Я отогнул с лица, будто кусок мягкой жести, смерзшуюся ткань и увидел над собой ущербный, едва различимый в послеобеденном сереньком небе месяц. Неподалёку с подтянутым брюхом стоял Кореш и, не мигая, голодными звериными глазами смотрел на наш «кокон».

– Что, – сказал я ему скрипучим, едва слышным голосом, – не можешь мышку добыть? Жрать хочется?..

Голос, казалось, был не мой. И шёл откуда-то издалека, словно моими губами и ртом говорил совсем незнакомый мне, очень уставший от жизни человек.

Тем не менее Кореш признал меня. И, хоть и не очень весело, но всё же помахал хвостом и, вытянув в нашем направлении морду, но не подходя ближе, с шумом втянул в себя воздух. И глаза у него были вовсе не звериные, а вполне обыкновенные. Мне стало стыдно, что я так плохо подумал о собаке, потому что уже неоднократно убеждался в разных ситуациях, что хуже человека собаки нет.

Я снова поднял глаза к небу и увидел, как в воздухе кружатся редкие, лёгкие, бесприютные снежинки. Иногда они опускались на моё лицо и долго отдыхали на щеках, не тая. Или – пока очередной порыв лёгонького ветерка не поднимал и не уносил их с этого «аэродрома»…

«Вот этой лёгкости парения нам как раз сейчас и не хватает. Тело стало тяжёлым, как неуклюжая конструкция», – подумал я, глядя на них и точно зная, что самое трудное теперь будет заставить себя встать и идти дальше…

«Как уязвим человек… Как от многого он зависит. И попадая в неожиданные, непривычные для него условия, как он становится беспомощен и слаб…»

Я потрогал лицо напарника. Оно было холодным, но изо рта шла струйка пара.

«Жив», – с облегчением подумал я. «А, может быть, плохо, что жив? Только лишняя обуза…» – тут же догнала первую мысль вторая.

Потом в последующие дни, до той самой минуты, когда нас, полуживых, не подобрал ороч, заметив на берегу, – и когда я, ни при каких обстоятельствах старался не идти впереди своего напарника, – я понял, что самое страшное, что было тогда со мной и во мне – это собственные мысли. О сути которых я не рискнул бы рассказать и самому близкому человеку. Тем более, что они так мало походили на мысли человека…

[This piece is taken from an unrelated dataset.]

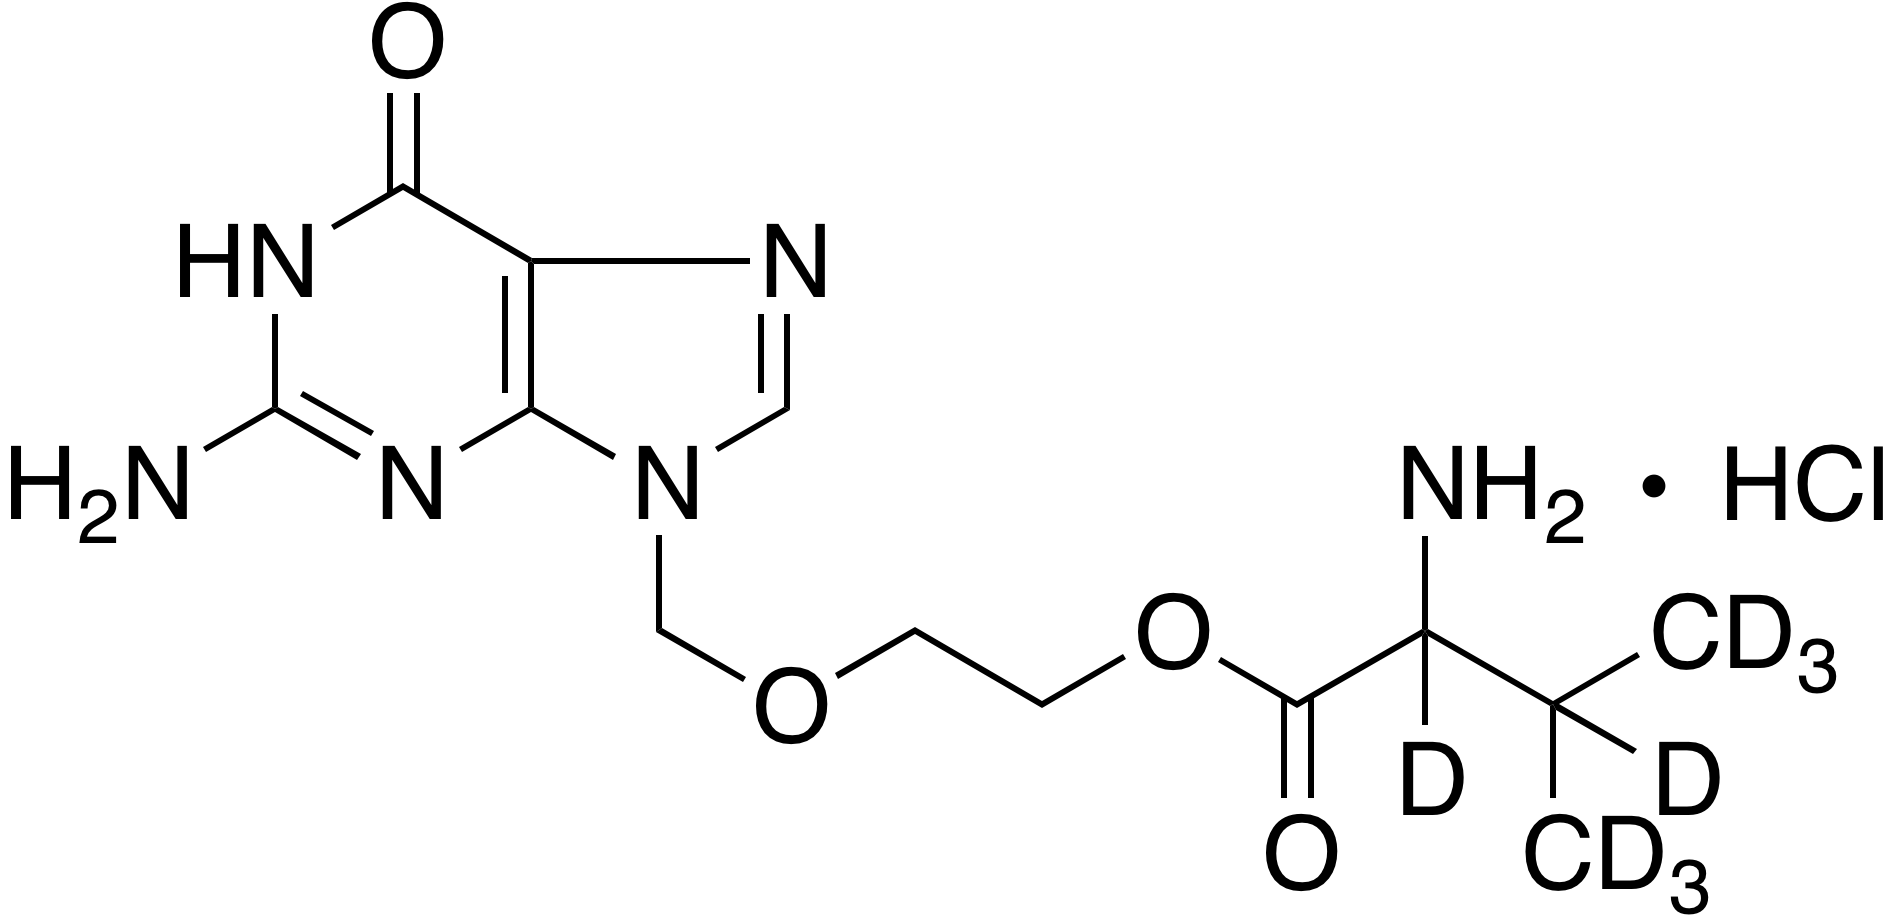 rac-Valacyclovir-d<sub>8</sub> hydrochloride

Я с трудом заставил себя встать, выдравшись из расслабляющего безразличия полузабытья. Достал из пушного мешка несколько шкурок соболей. Некоторые из них разрезал и, сняв унты, обернул ими ноги. Делал я это с каким-то тупым упрямством, ясно понимая, что они в унты не залезут… Хотел обмотать соболями и руки, но, поразмыслив и достав из мешка остальные шкурки, растолкал их под байковой рубахой, стараясь равномерно распределить: на пояснице, животе, спине, боках. Я даже как будто почувствовал, что стало немного теплее. Хотя, по-прежнему, казалось, что задубевшая кожа лица и рук, превратившаяся в некий «панцирь», уже никогда не сможет отогреться по-настоящему. Порой даже чудилось, что в крови гуляют острые, как смертельные иглы, льдинки. Они странствуют по кровяному руслу, будто гондолы по водам венецианских каналов, причиняя острую боль, когда им приходится протискиваться узкими вратами сердца.

В одной из шкурок я неожиданно обнаружил невесть как туда попавший чёрный сухарь! В надежде я обшарил весь мешок, но больше «драгоценностей» в нём не оказалось.

Первым моим импульсом было – тут же его съесть. Я даже украдкой посмотрел в сторону нашего «лежбища», будто опасаясь того, что мой напарник сможет вырвать сухарь из моих рук…

На полпути руки ко рту мне всё-таки хватило сил принять решение о том, что сухарь надо разделить на двоих.

Это было трудное решение. Пожалуй, в тот момент мне легче было отдать полцарства, чем полсухаря. Однако полцарства у меня не было, а сухарь наличествовал. В какой-то миг у меня даже мелькнула мысль разделить сухарь на троих. Но её я безжалостно и даже с какой-то злостью отогнал. «Пусть Кореш сам мышкует!»

Боясь передумать, я разломил сухарь и, взяв себе чуть большую половину, стал тормошить Серёгу.

Он мычал, чмокал губами, не хотел просыпаться, слабо отталкивая мою руку. И лицо у него было такое умильное, как у младенца, только что насосавшегося материнского молока.

Я поднёс к его носу половину сухаря. Он резко открыл глаза, схватив кусок обеими руками, сидя начал грызть.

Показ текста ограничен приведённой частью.